UNITED STATES

SECURITIES AND EXCHANGE COMMISSION

Washington, D.C. 20549

 

 

SCHEDULE 14D-9

(Rule 14d-101)

Solicitation/Recommendation Statement

Under Section 14(d)(4) of the Securities Exchange Act of 1934

Amendment No. 2

 

 

Tetraphase Pharmaceuticals, Inc.

(Name of Subject Company)

 

 

Tetraphase Pharmaceuticals, Inc.

(Name of Person Filing Statement)

 

 

Common Stock, $0.001 par value per share

(Title of Class of Securities)

88165N204

(CUSIP Number of Class of Securities)

Maria Stahl

Chief Business Officer and General Counsel

Tetraphase Pharmaceuticals, Inc.

480 Arsenal Way

Watertown, Massachusetts 02472

(617) 715-3600

(Name, address and telephone number of person authorized to receive notices and communications

on behalf of the persons filing statement)

With copies to:

Stuart M. Falber

Hal J. Leibowitz

Christopher D. Barnstable-Brown

Wilmer Cutler Pickering Hale and Dorr LLP

60 State Street

Boston, Massachusetts 02109

(617) 526-6000

 

 

 

Check the box if the filing relates solely to preliminary communications made before the commencement of a tender offer.

 

 

 


This Amendment No. 2 (this “Amendment”) amends and supplements Items 8 and 9 in the Solicitation/Recommendation Statement on Schedule 14D-9 of Tetraphase Pharmaceuticals, Inc. (“Tetraphase”) filed with the U.S. Securities and Exchange Commission (the “SEC”) on June 29, 2020 (as amended and supplemented from time to time, the “Schedule 14D-9”). The Schedule 14D-9 relates to the tender offer by TTP Merger Sub, Inc. (“Purchaser”), a wholly owned subsidiary of La Jolla Pharmaceutical Company (“Parent”), to acquire Tetraphase for an aggregate of $43.0 million in cash (representing consideration of $2.00 per share of Tetraphase common stock), plus one contingent value right (“CVR”) per share representing the right to receive cash consideration based on the achievement of certain net sales milestones, in an aggregate amount of up to $16.0 million (currently estimated to be up to approximately $1.48 per CVR, contingent upon the achievement of certain milestones), upon the terms and subject to the conditions set forth in the Offer to Purchase of Parent and Purchaser dated June 29, 2020, and in the related Letter of Transmittal, as each may be amended or supplemented from time to time.

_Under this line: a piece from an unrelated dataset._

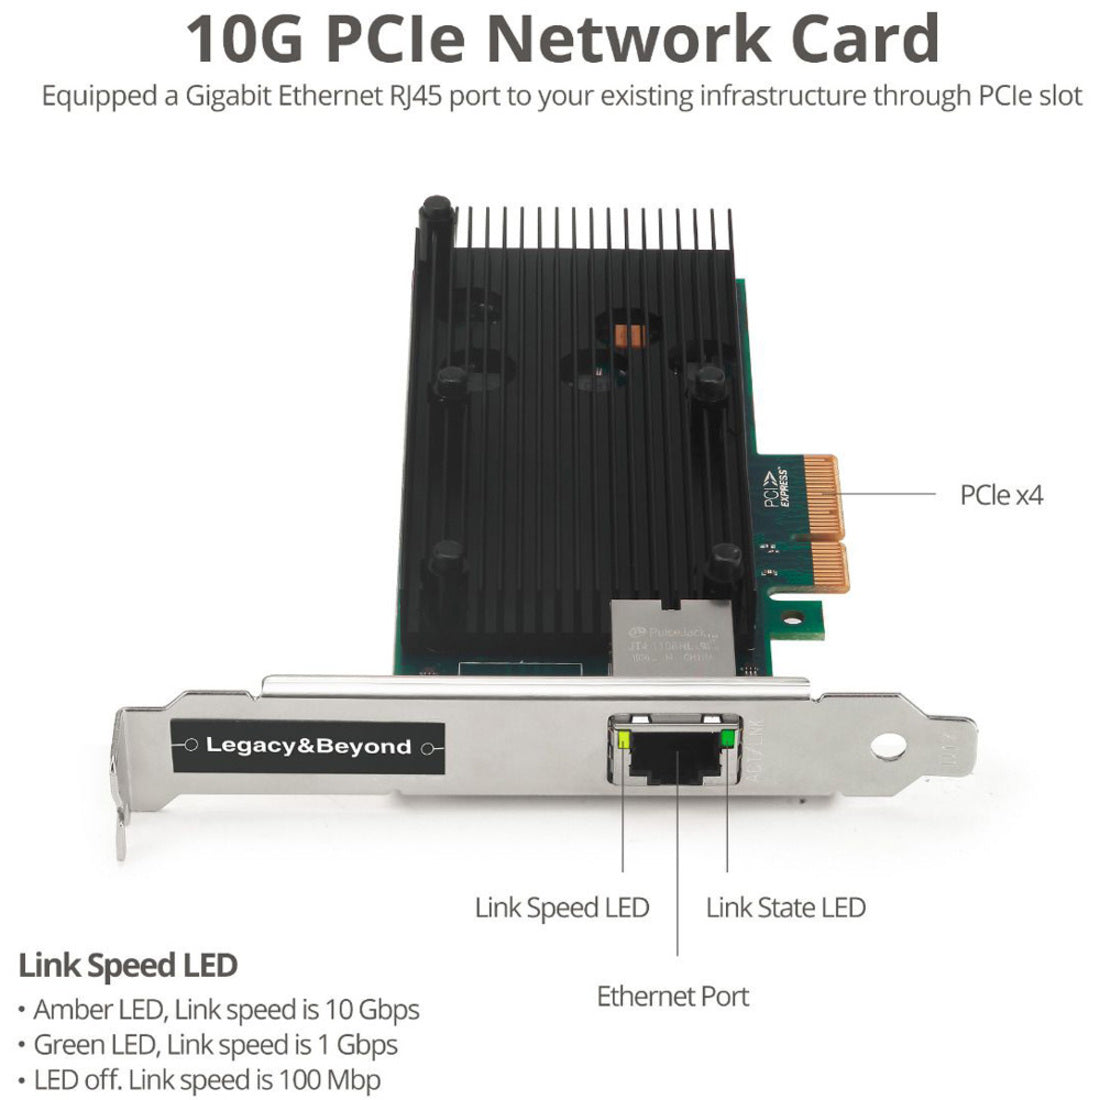 SIIG LB-GE0211-S1 シングルポート 10G イーサネットネットワーク PCI Express、10ギガビットイーサネットカード  ブランド名: SIIG ブランド名の日本語訳: SIIG

Except as otherwise set forth below, the information set forth in the Schedule 14D-9 remains unchanged and is incorporated herein by reference as relevant to items in this Amendment No. 2. Capitalized terms used but not otherwise defined herein have the meanings ascribed to such terms in the Schedule 14D-9.

Item 8. Additional Information.

Item 8 of the Schedule 14D-9 is hereby amended and supplemented by adding the following as a new section at the end of such Item 8, immediately prior to the section entitled, “Forward-Looking Statements”:

Expiration of the Offer; Completion of the Merger.

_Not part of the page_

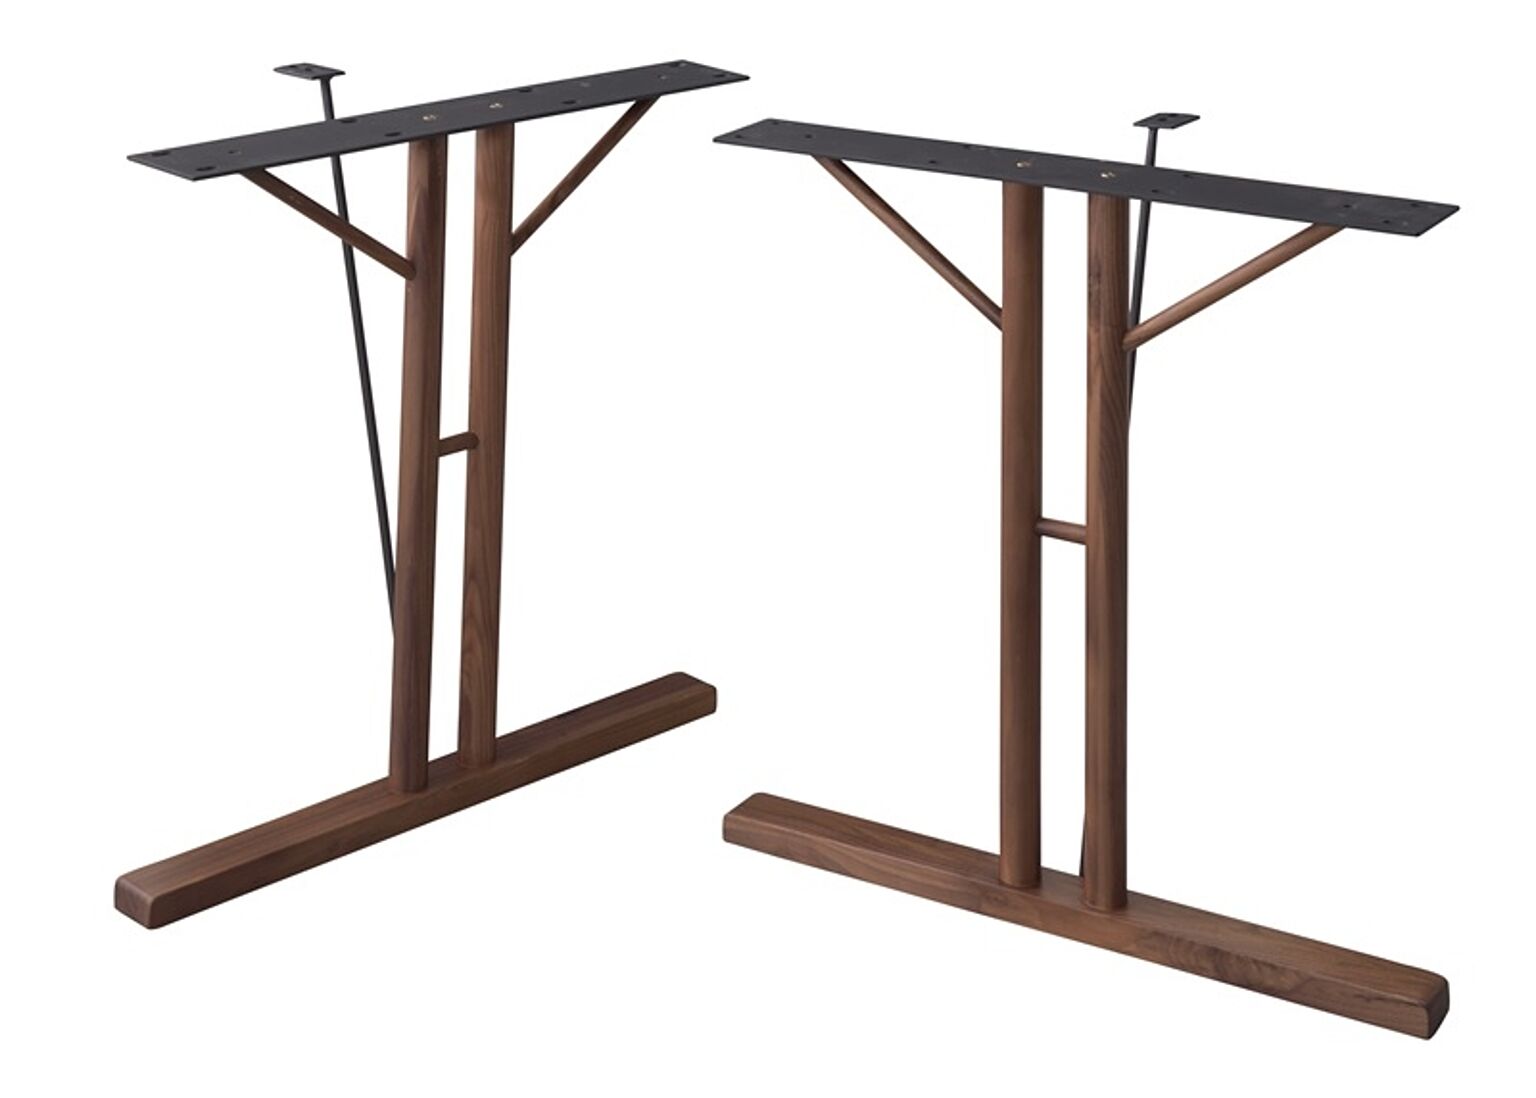 ダイニングテーブル 脚(2脚組) W66×D31.5×H68 ブラウン 脚 テーブル ダイニングテーブル パーツ 組み合わせ 脚のみ 木製脚 天然木 T型 スチール 高さ68cm ナチュラル シンプル

The Offer and all withdrawal rights thereunder expired one minute after 11:59 p.m. Eastern Time, on July 27, 2020. The Offer was not extended. Broadridge Financial Solutions, Inc., the depositary, information and paying agent for the Offer (the “Depositary and Paying Agent”), has advised Parent and Purchaser that, as of the expiration of the Offer, an aggregate of 3,737,360 Shares were validly tendered and not validly withdrawn pursuant to the Offer, representing approximately 51.5% of Shares issued and outstanding as of the expiration of the Offer. The number of Shares validly tendered and not validly withdrawn pursuant to the Offer (excluding Shares with respect to which Notices of Guaranteed Delivery were delivered but were not yet “received” (as such term is defined in Section 251(h)(6)(f) of the DGCL)) satisfies the Minimum Condition (as defined in the Merger Agreement). As the Minimum Condition and each of the other Offer Conditions have been satisfied, Purchaser has accepted for payment all Shares that were validly tendered and not validly withdrawn pursuant to the Offer.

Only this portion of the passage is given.